> [ASSIGNMENT]:
Exactly the lines below from the line with "Carlotta Sunderland" through the line with "Karen-McDougal-Donald-Trump" must make up the answer, both ends included and pictures left out.

── RECORDS PROVIDED ──

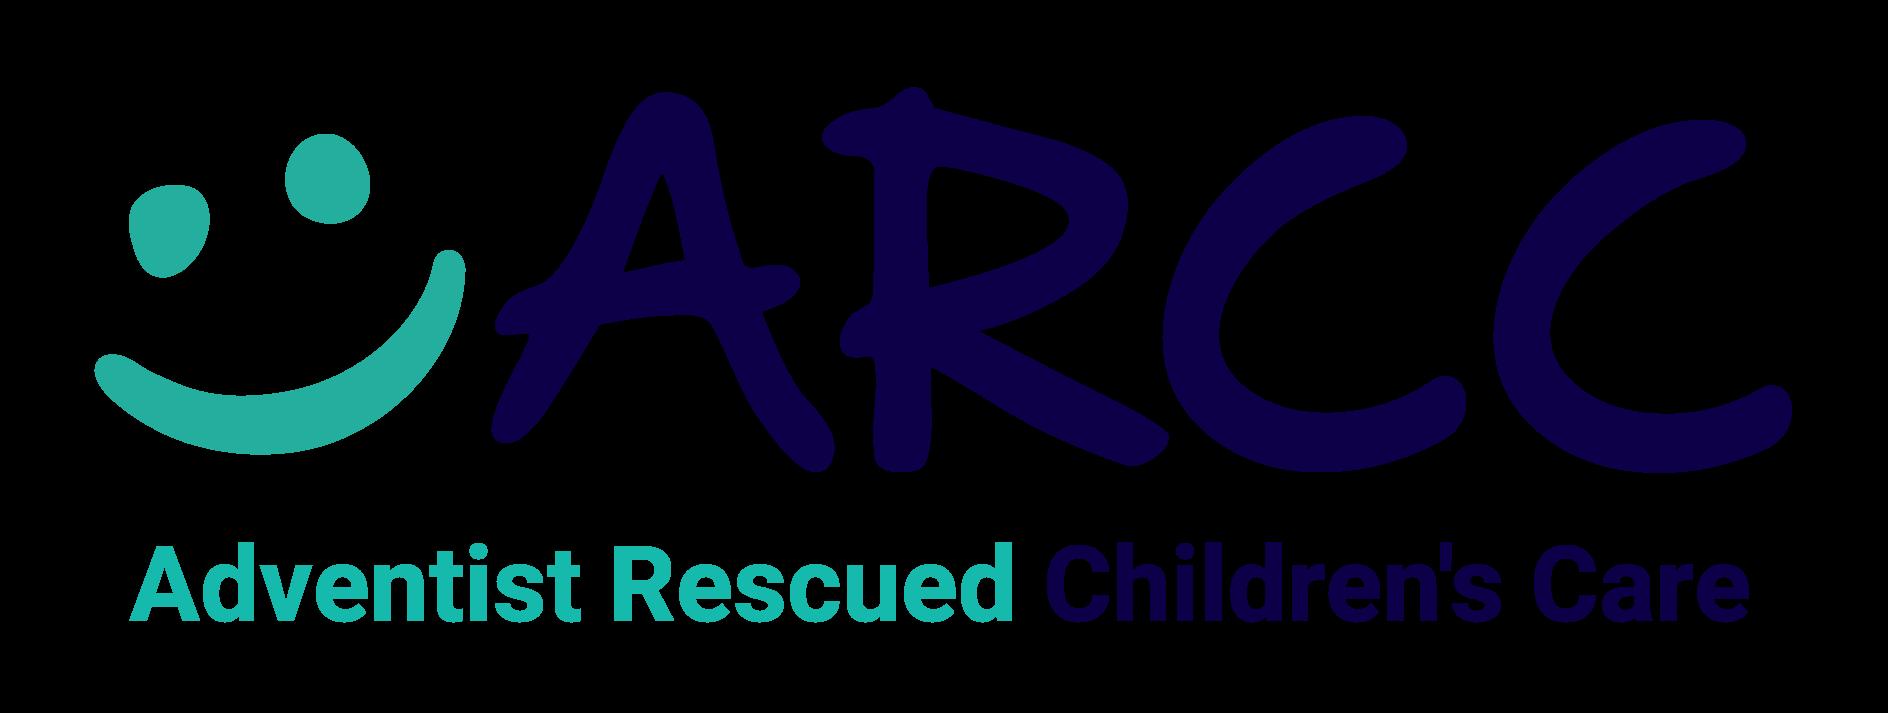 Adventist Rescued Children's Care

───
── RECORDS PROVIDED ──

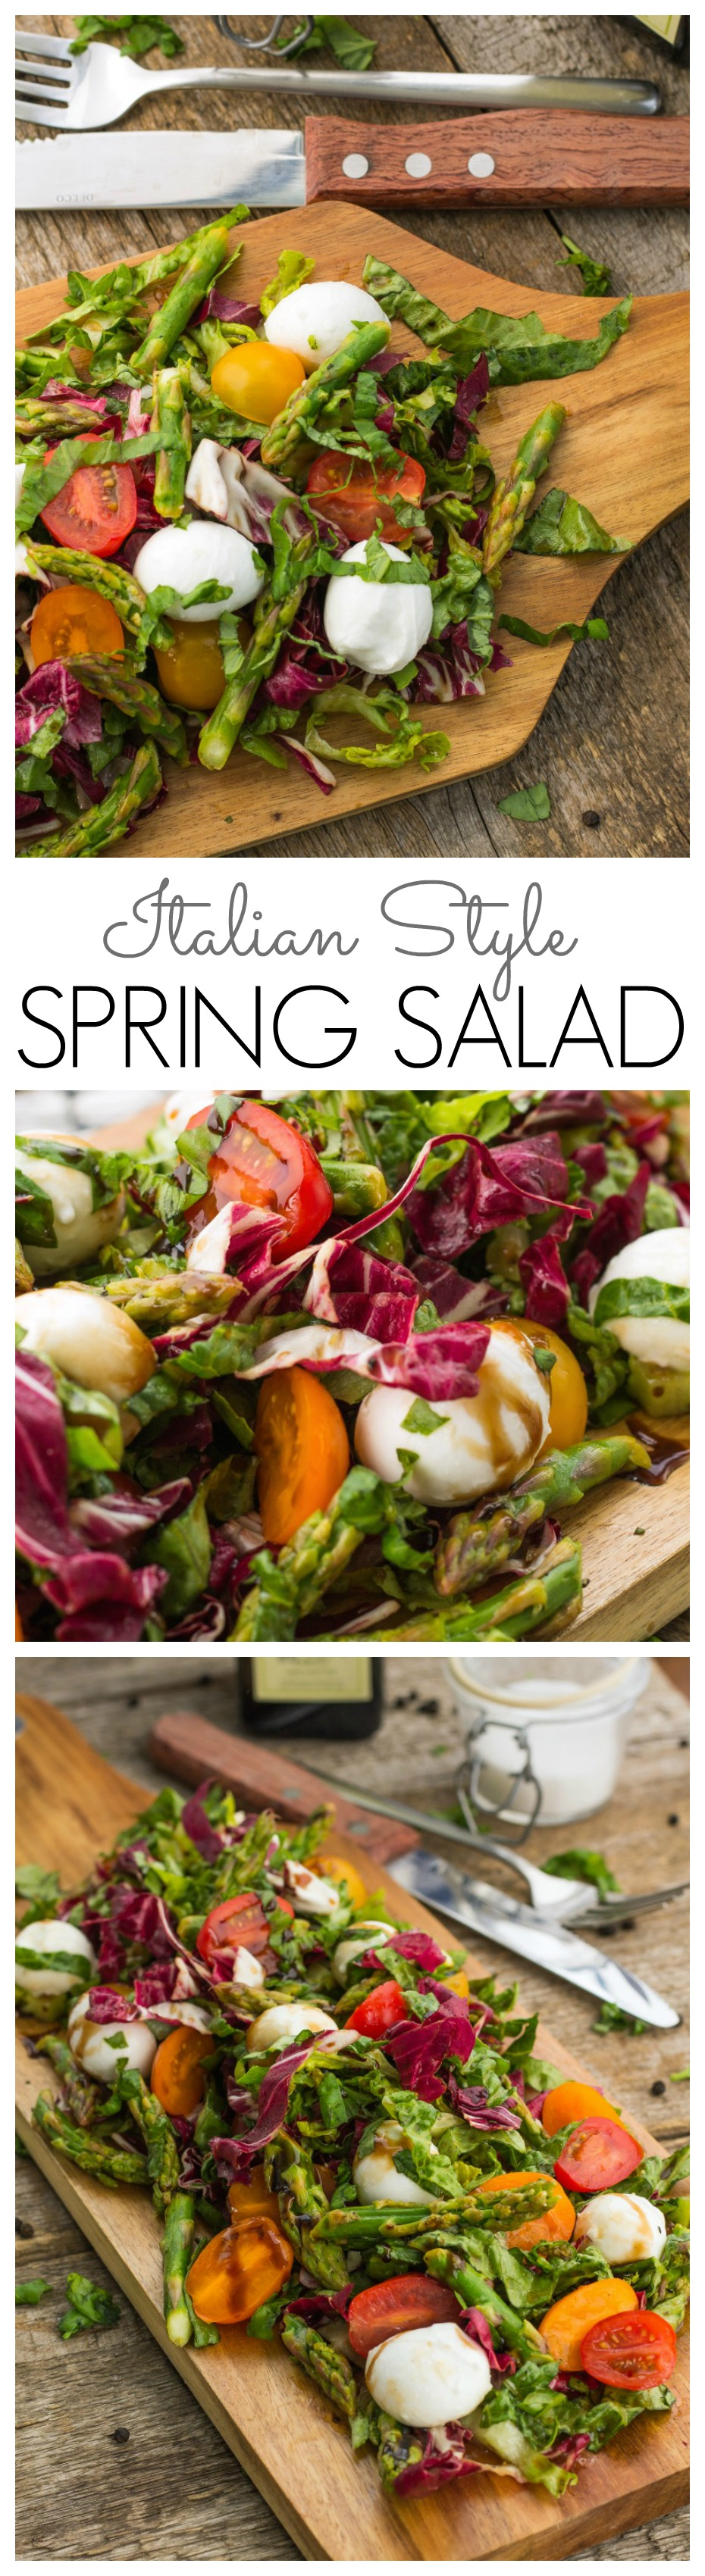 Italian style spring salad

───
── RECORDS PROVIDED ──

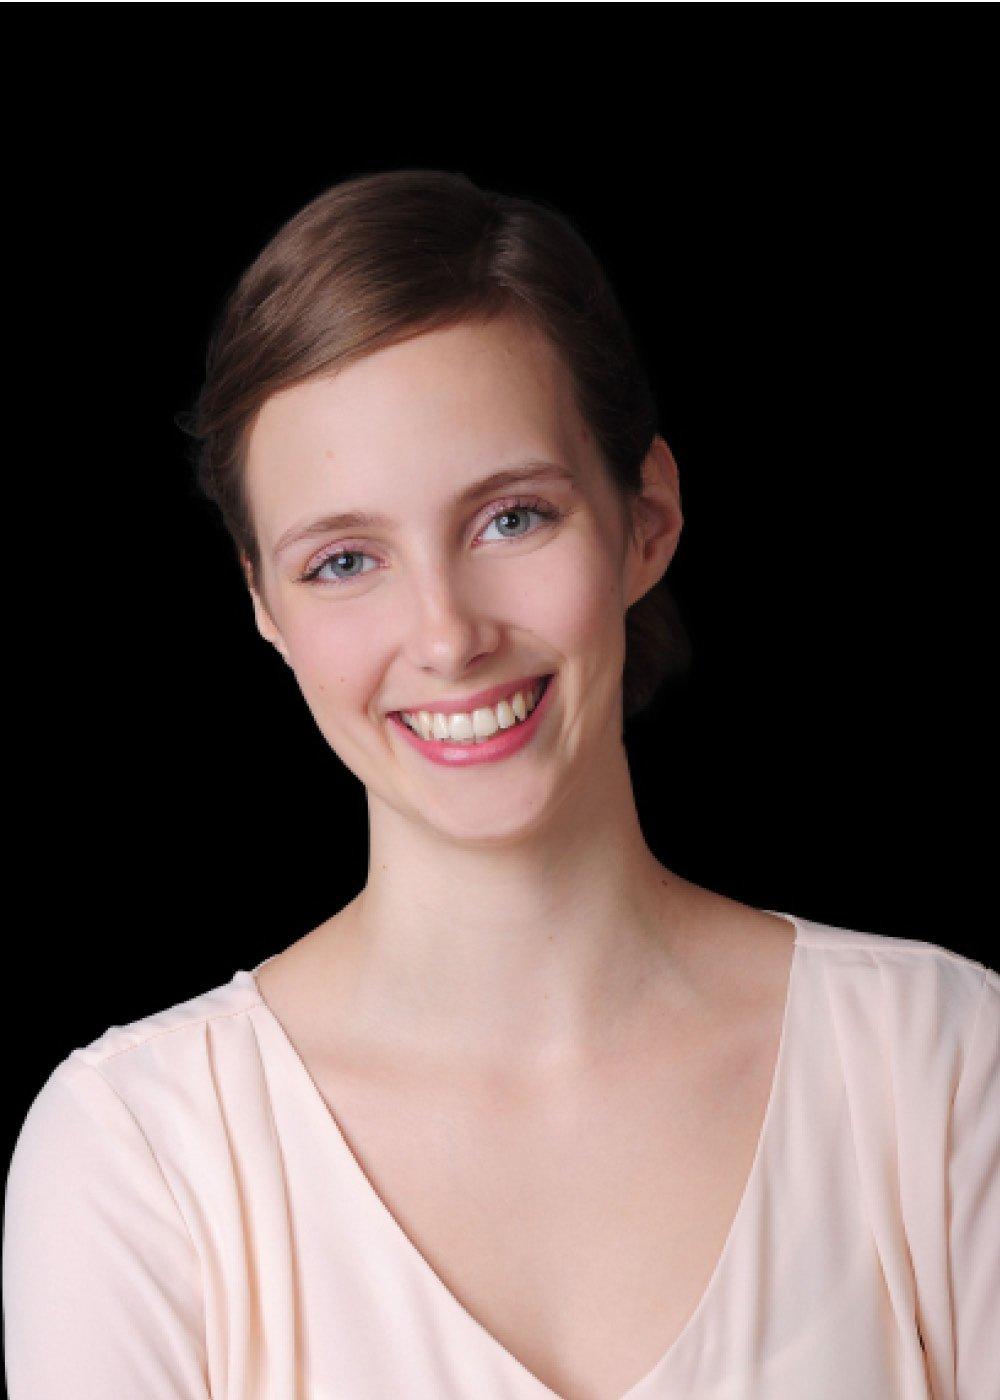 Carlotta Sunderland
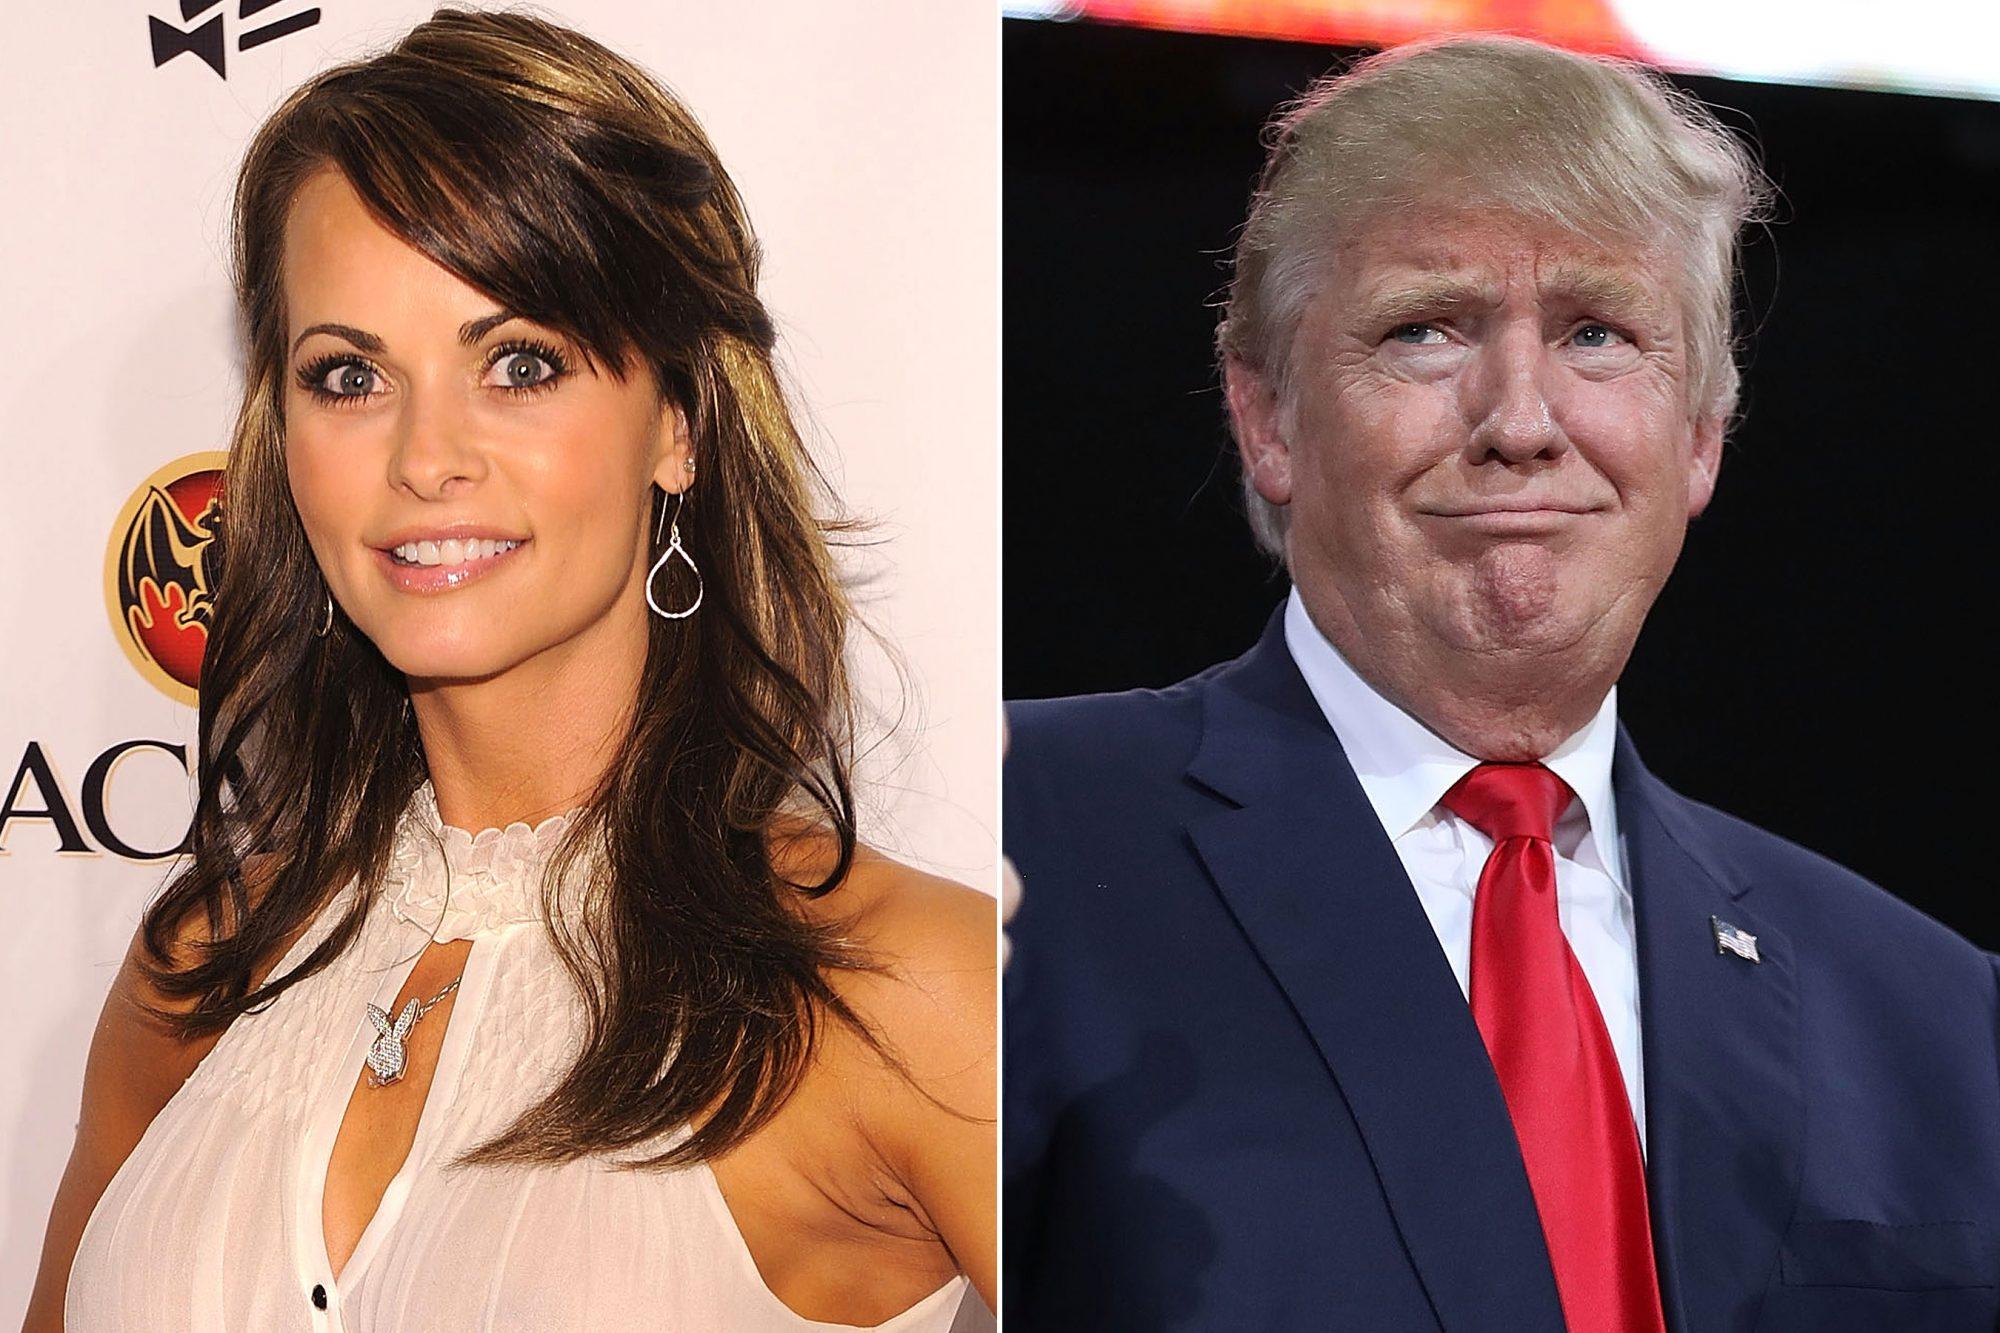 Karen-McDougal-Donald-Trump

───

> [ANSWER FOR THE TASK]:
 Carlotta Sunderland
 Karen-McDougal-Donald-Trump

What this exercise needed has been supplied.